P1 IMO-2024 (PENDING)

1. Problem Statement

Determine all real numbers \(\alpha\) such that, for every positive integer \(n\), the integer

\[\lfloor \alpha \rfloor + \lfloor 2\alpha \rfloor + \cdots + \lfloor n\alpha \rfloor\]

is a multiple of \(n\). (Note that \(\lfloor z \rfloor\) denotes the greatest integer less than or equal to \(z\).

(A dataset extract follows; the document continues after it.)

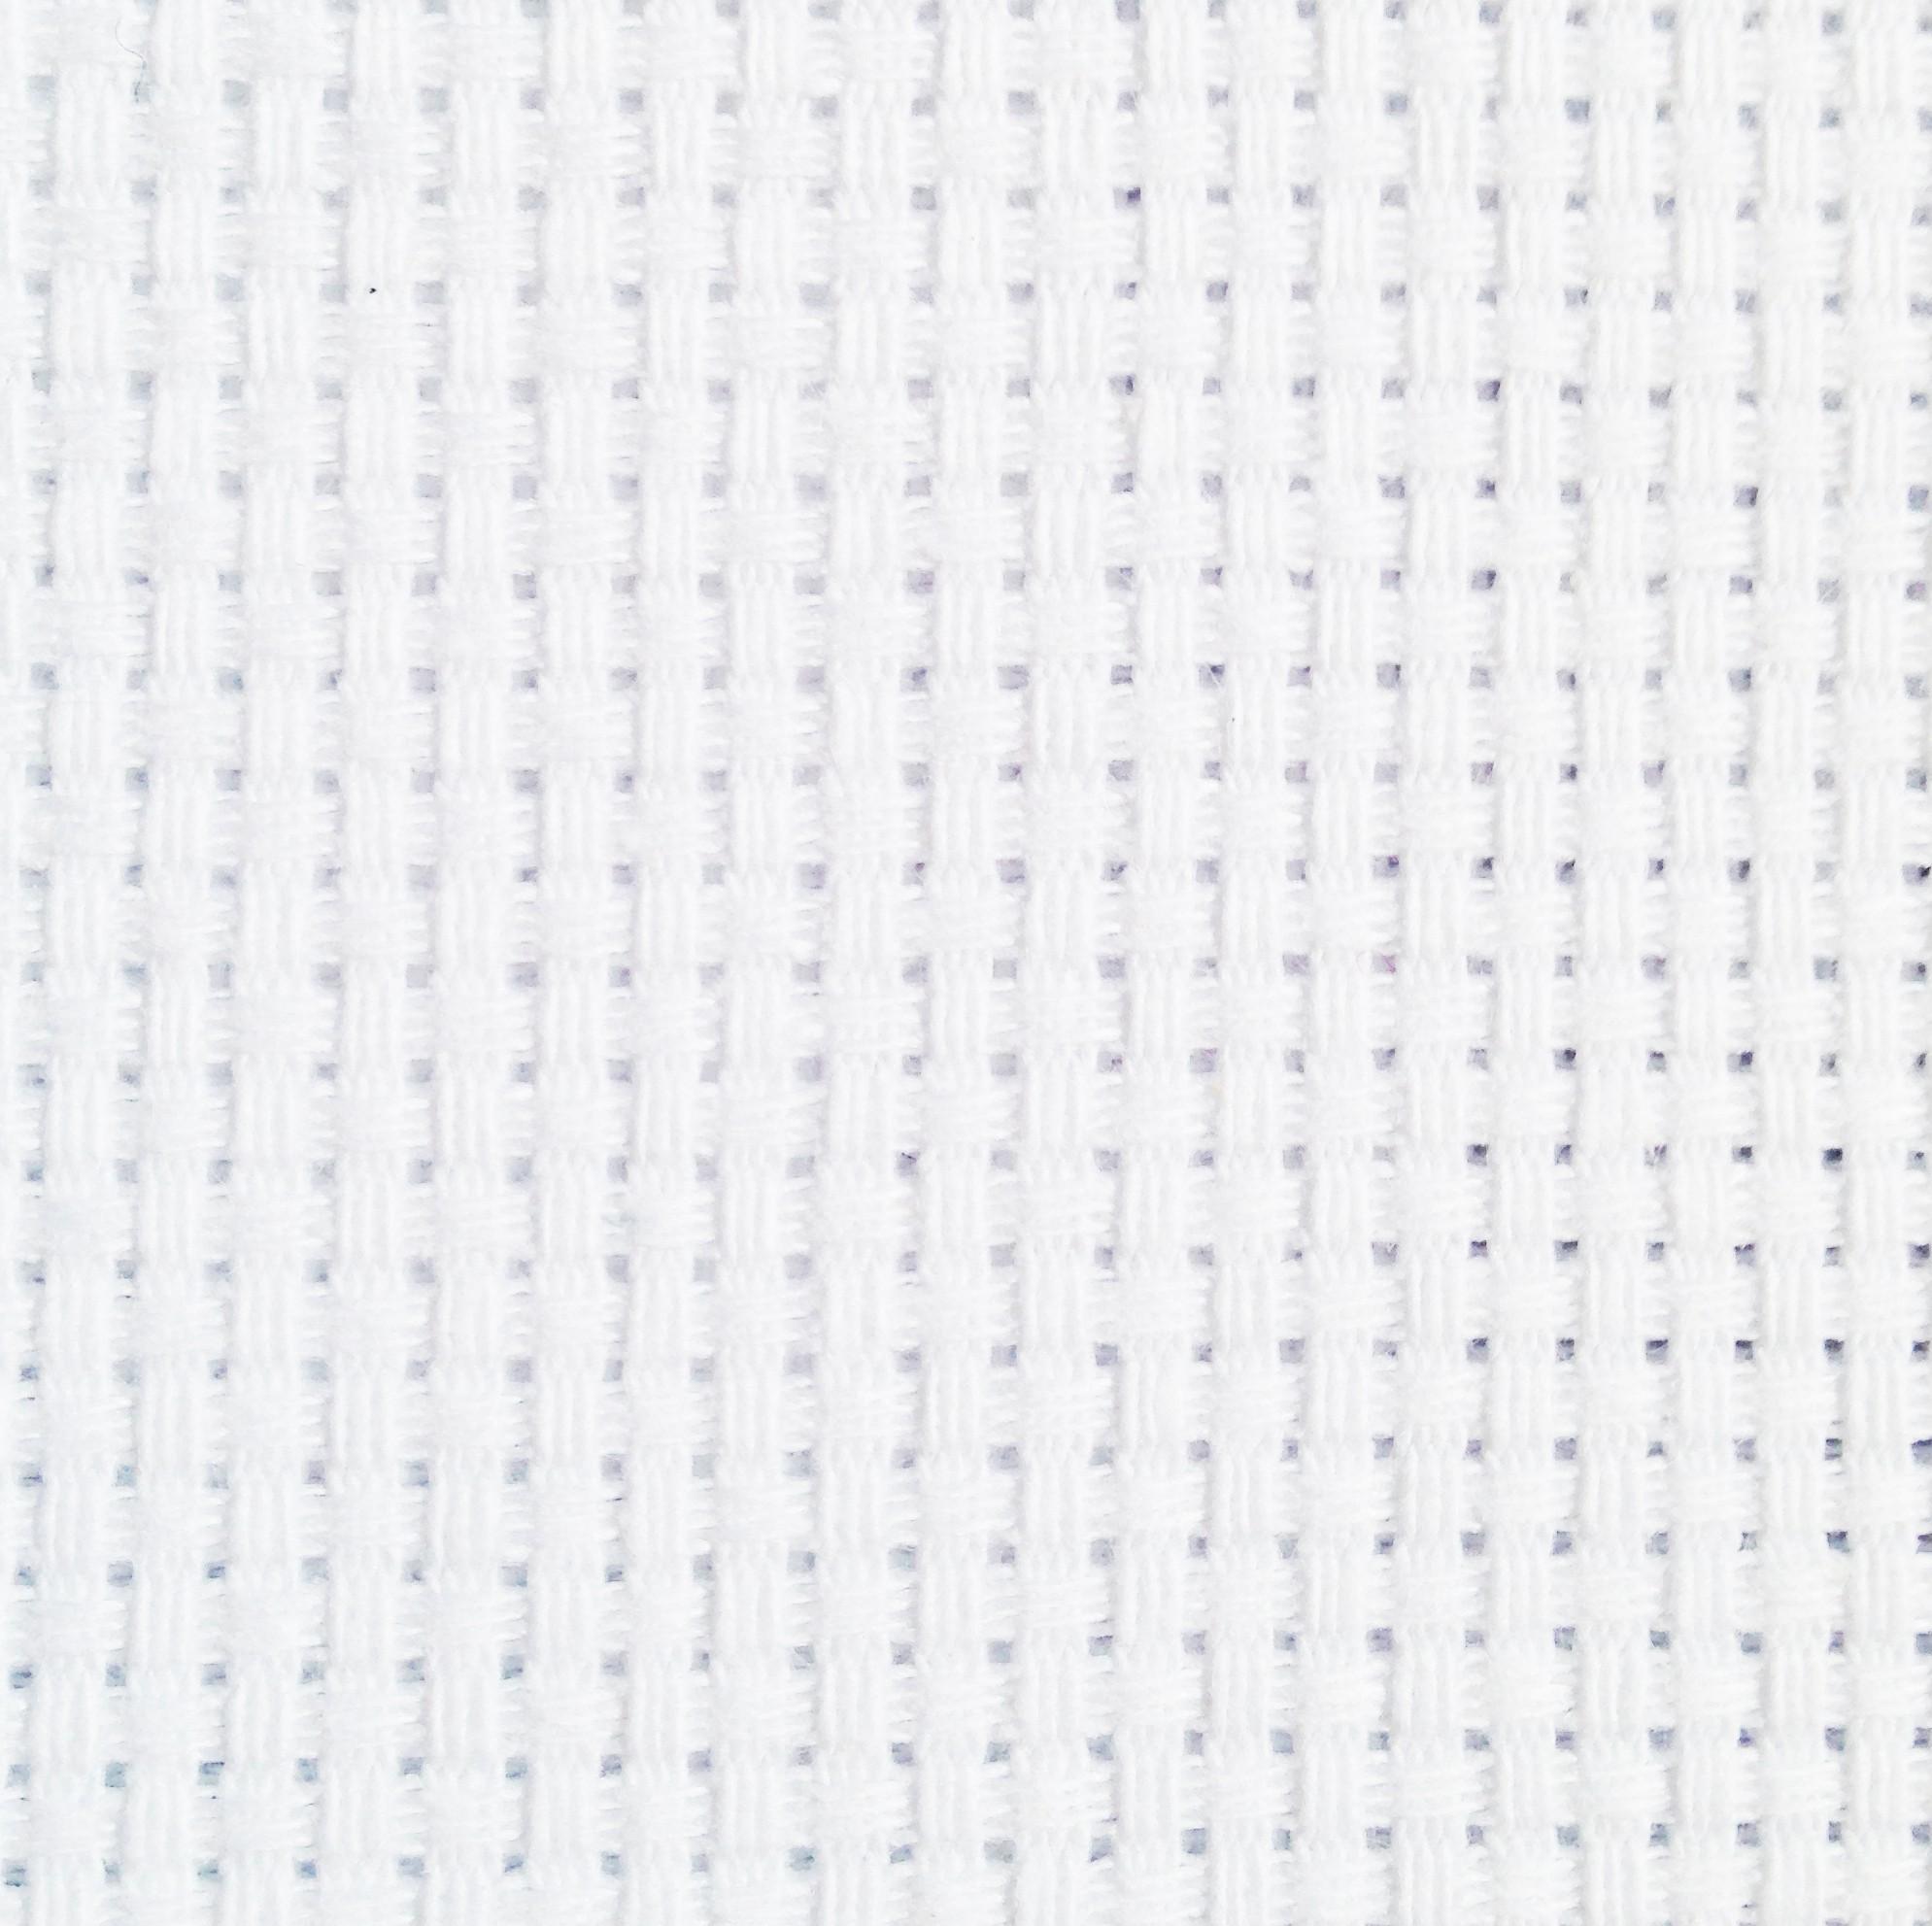 White Aida Cloth 14ct - Quality Zweigart Brand 2 sizes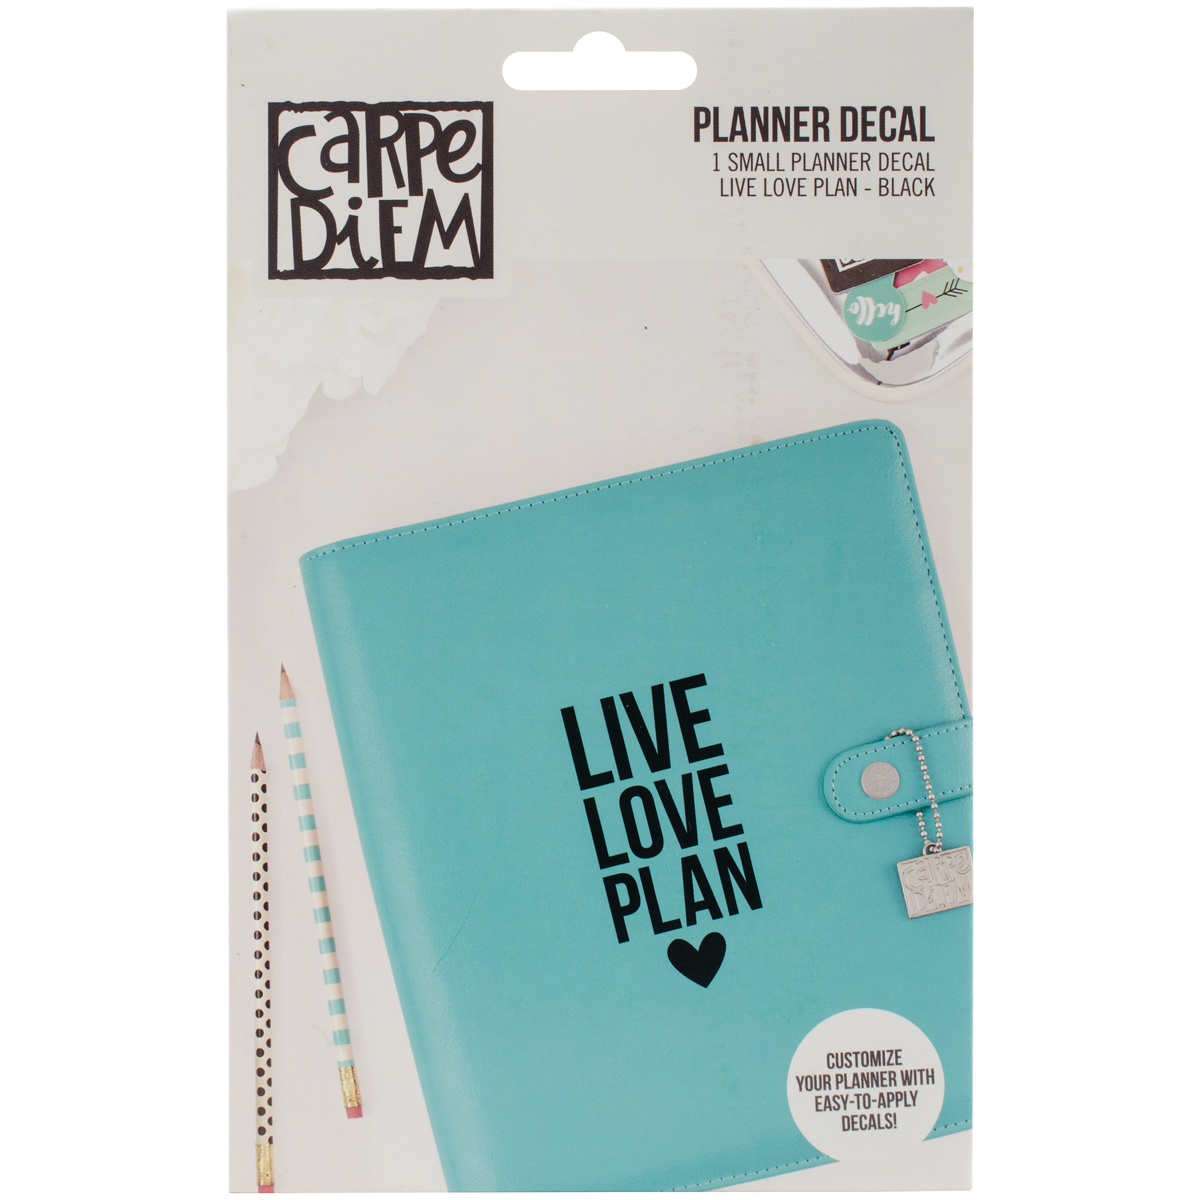 Carpe Diem live love plan decal

For example, \(\lfloor -\pi \rfloor = -4\) and \(\lfloor 2 \rfloor = \lfloor 2.9 \rfloor = 2\).)

2. Solution

It is clear that \(\alpha\) equals any even number posits a solution. For it becomes a routine sum of from \(\sum_i i(2m)\), where we substituted \(n\) for \(2m\). This is equal to \(m(n)(n+1)\), which is a clear multiple of \(n\). The converse can be said for odd numbers. For let \(n\) be a even number, the product is of form \(\alpha(n)(n+1)/2\). Now niether \(\alpha\) or \((n+1)\) offer the factor 2 needed for division, and so \(n\) has to offer. However now it is surely not a multiple of \(n\), as it has one less power of 2.

There is a little property: \(\lfloor i + \epsilon \rfloor = i + \lfloor \epsilon \rfloor\), where \(i\) is a integer and \(\epsilon \in (0,1)\).